Last month, I attended the Biomedical Research Academy at the University of Pennsylvania. There, I listened to a lecture that really stuck with me: The RNA World. The RNA World theory accounts for the most fundamental procedure in all life: the central dogma, or the process of transcribing DNA to RNA that is translated into protein. The theory suggests that machinery involved in the central dogma grew out of an RNA World–a world where RNA acted both as the genetic storage material and the machinery to perform rudimentary biochemical reactions.
In that lecture, we played a “bead game” to model the early instances of evolution and natural selection. The rules stated individual beads, or, “nucleotides” would be randomly added by rolling a die. Once a predetermined “replication” or “destroy” nucleotide sequence was achieved, the players could “replicate” the strand of beads or “destroy” another group’s strand. The team with the most strands at the end of the period would win. (Unfortunately, my team did not win…) However, the winning team had both “replication” and “destroy” sequences that allowed them to be competitive against teams that did not achieve those sequences.
Although simple, the bead game works as an accurate model to real RNA: the beads stored information in the order they were placed and certain bead sequences produced functions that increased the strand’s fitness. Sequences of complementary base pairs in real RNA can bond to each other, causing the RNA to fold over itself. As we know with protein synthesis, folding into complicated structures can generate a steric & biochemical effect that may have allowed early RNA “organisms” to replicate and destroy. “Organisms” that gained more functions that increased their fitness would outcompete other, less fit “organisms”.
Our class discussed traits that would benefit an RNA “organism” (and their analogous bead game abilities). For example, increasing the rate a strand could replicate or destroy other strands would be analogous to RNA evolving more efficient ways to carry out its functions. My favorite was the proposed ability to use beads & string from other groups’ destroyed strands, mirroring an RNA “eating” another RNA biochemically.
Eventually, a single macromolecule acting as the genetic information and functional machine limited sustained growth and evolution of the RNA “organism”. Thus, “organisms” that could delegate tasks to other molecules outcompeted simpler, single-stranded RNA.
In vitro RNA experiments produced RNA molecules that could bind tightly to amino acids. There is evidence indicating RNA molecules that bound selectively to a certain amino acid would have an excess of that amino acid’s codon. Thus began the growth of RNA to protein synthesis: RNA acted as template for amino acid-associated RNA molecules to generate a polypeptide. Now, these “amino acid-associated RNA” developed into tRNA. Modern tRNA retains qualities of the old “RNA organisms”: acting as machinery to build protein and contain genetic information through anticodons.

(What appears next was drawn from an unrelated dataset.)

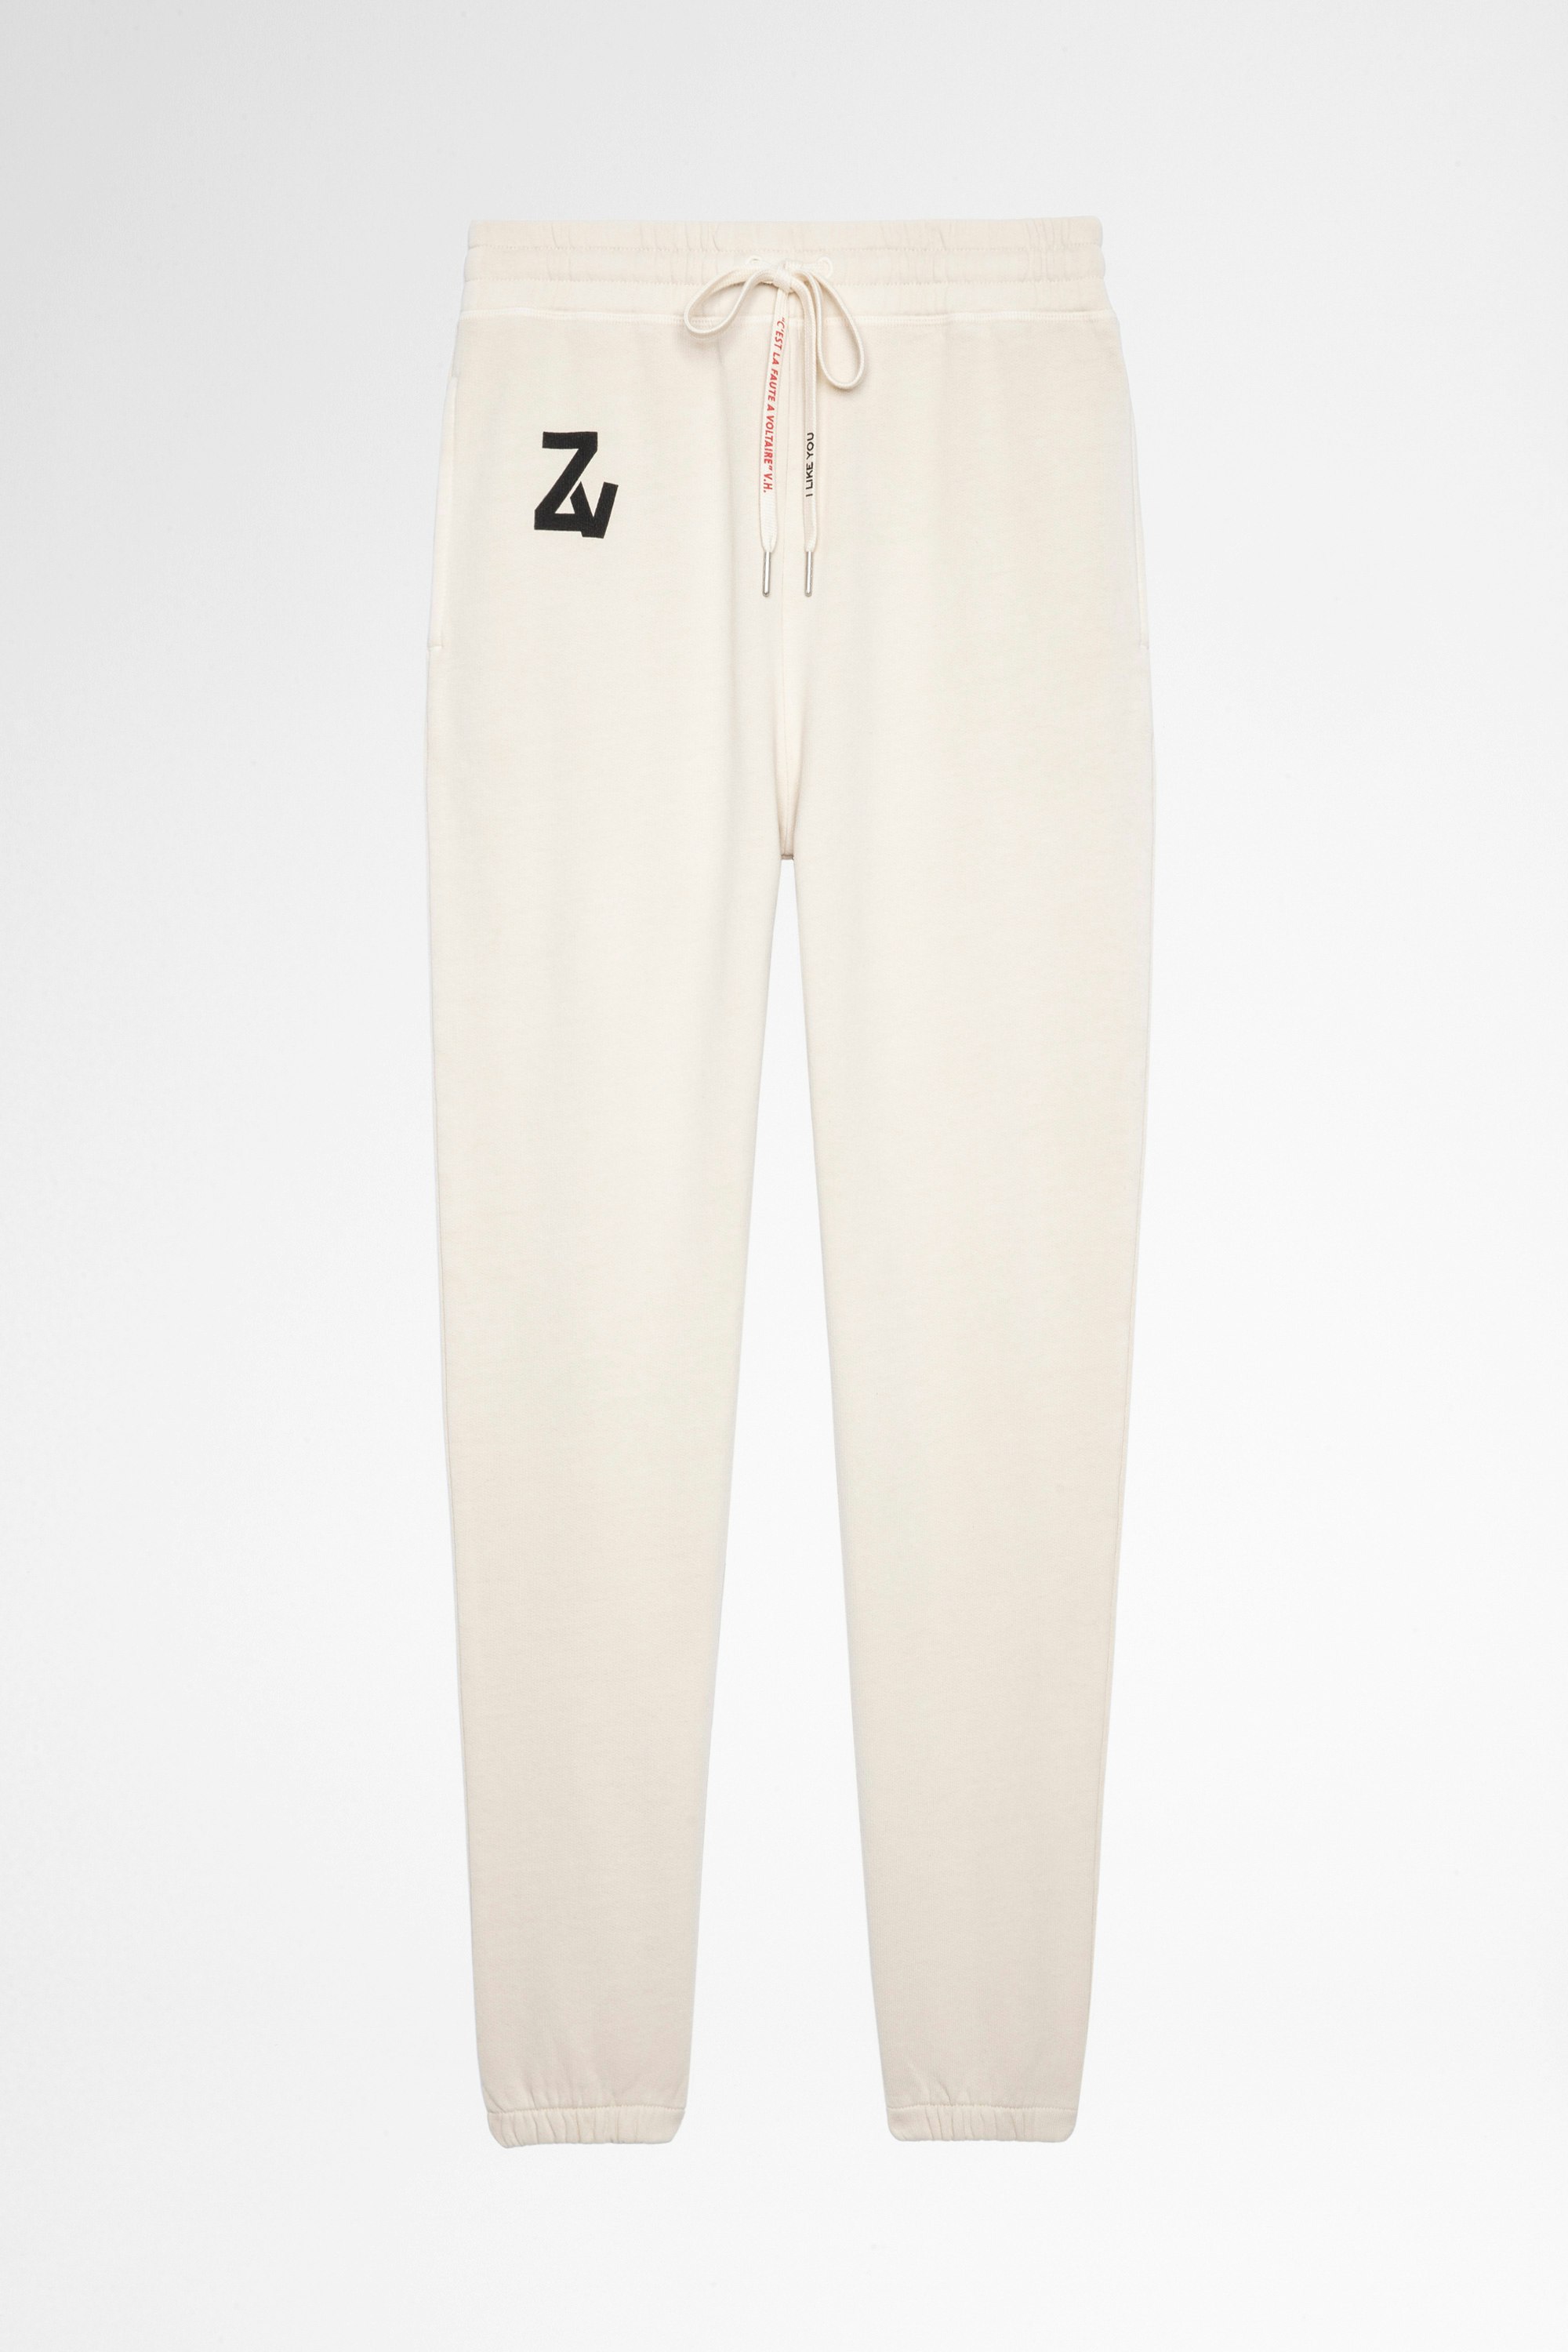 Pantalón deportivo Steevy Pantalón deportivo de mujer de algodón beige. Este producto cuenta con la certificación GOTS y está confeccionado con fibras procedentes de la agricultura ecológica.

The other half of the central dogma, DNA to RNA transcription, also proved to be a competitive advantage. The theory that RNA developed before DNA is supported by the fact that ribose can be readily synthesized from formaldehyde (HCHO) in the conditions of a young Earth. Deoxyribose, on the other hand, requires an enzyme to be synthesized. Although requiring more effort to be created, deoxyribose backbones were much stronger and were more stable than ribose counterparts. As “RNA organisms” grew more complicated, long sequences of genetic information with ribose backbones were simply unsustainable. The switch to DNA as the genetic storage macromolecule provided an edge in natural selection.
The RNA Theory, to me, is more than just a theory. It is a fairytale that tells the story of the origin of complicated life. The lecture reminded me of why my passion is in biology: it is a long-winded and zig-zagging fantastic novel that we have yet to finish reading.